The problem in cases where there’s a misunderstanding about agency on the part of either party is that when a real estate professional becomes an agent of a consumer, the job brings duties and the potential for liability. For this reason, the TAR formed in the early ‘90s an advisory group on agency law that worked to eliminate the possibility of accidental or unintended agency.
“It was our feeling that when a customer becomes a client, he ought to know it, having signed a written bilateral agreement to that effect,” says Scoville. “And a real estate professional should know he’s entered that relationship because he’s signed the same agreement, not because he’s done something accidental.”
Another goal of the advisory group was to recognize and accommodate the growing practice of buyer agency, Scoville writes in the intro to the guide, ensuring that buyer-clients are better informed and protected.
Scoville was a member of the advisory group and drafted what later became Tennessee’s agency law, drawing from a legislative proposal the Wisconsin Association of Realtors had developed, an agency law Ohio had passed and agency law in Colorado, among other sources. Parts of Tennessee’s law are also unique to the state.

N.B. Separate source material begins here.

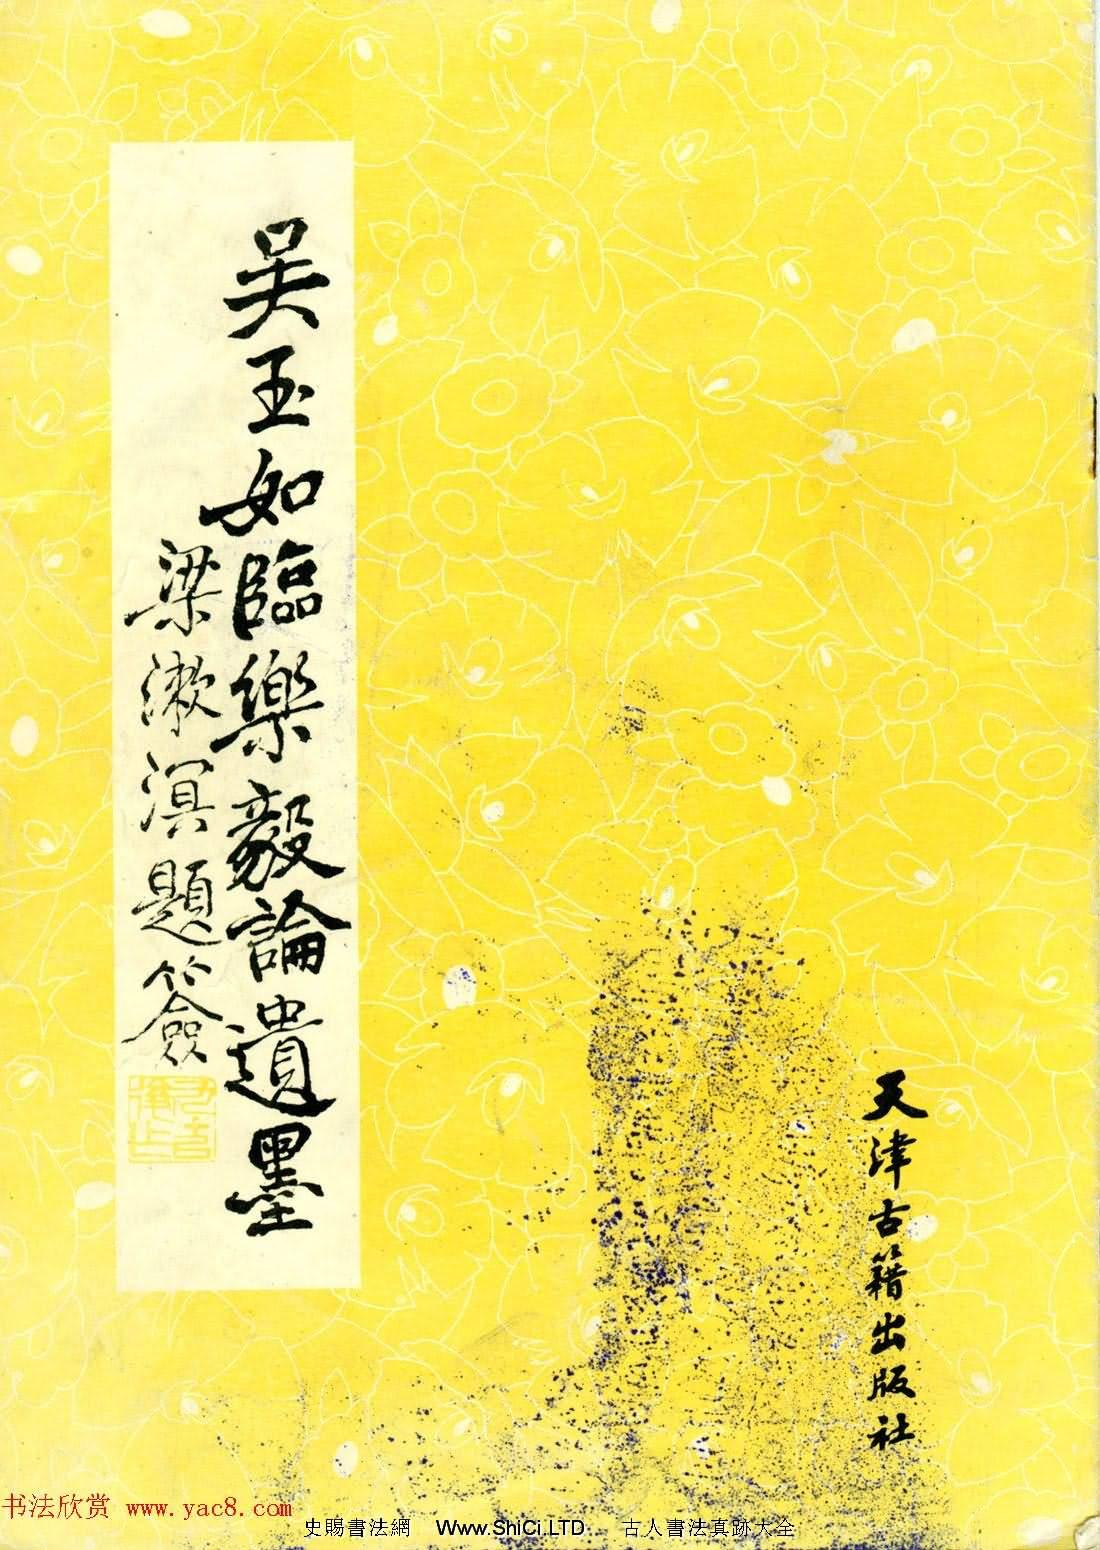 吳玉如小楷字帖《臨樂毅論》遺墨(共12張圖片)

“After the law passed, it was amended twice, first in the spring of 1996 to correct some housekeeping problems and then again a few years ago to define the responsibilities of a real estate professional to his client,” says Scoville.
The amendments, combined with a doubling of real estate professionals in Tennessee since the passage of the original legislation, were enough to convince Scoville it was necessary to publish a guide explaining Tennessee’s agency law. Another problem, stemming from an increase in the number of out-of-state instructors teaching agency without any knowledge of Tennessee’s laws, made doing so an urgent matter.
In many cases, lecturers were telling Tennessee real estate professionals they could become agents without knowing, which was incorrect.
To remedy the situation, the National Association of Realtors agreed to make “A Guide to Tennessee’s Agency Law” required reading for any instructor coming into the state to teach a pre-licensed or continuing education class.
In addition to dispelling the myth about the accidental creation of agency, the guide also contains sections dismissing the notions that real estate professionals can be both a seller’s agent and a facilitator for the buyer, that a real estate professional can sell his own listing without changing his agency status in the transaction to facilitator, that designated agency in intended solely for in-house transactions and many more.
The guide should be as legally airtight as it is comprehensive. Scoville ran it past three lawyers as well as the executive director of the Tennessee Real Estate Commission, who’s also a lawyer. And he and his staff had the input of a joint task force between the TAR and the education foundation that identified the most common problems and misunderstanding about the law.
Scoville says is feels “wonderful” to have the guidebook available to the public. “It’s been on my personal to do list for longer than I care to mention,” he says.
Scoville encourages every broker and instructor in Tennessee to acquaint himself with the contents of the guidebook. It’s available in PDF format by going to www.tarnet.com, clicking “NEWSROOM” on the left side of the homepage and scrolling down to the story titled “NEW! Guide to Tennessee’s Agency Law Is Now Available!”
Scoville says there are no plans to publish a print version, as the guidebook isn’t a moneymaking venture. “We just want the correct information to be disseminated.”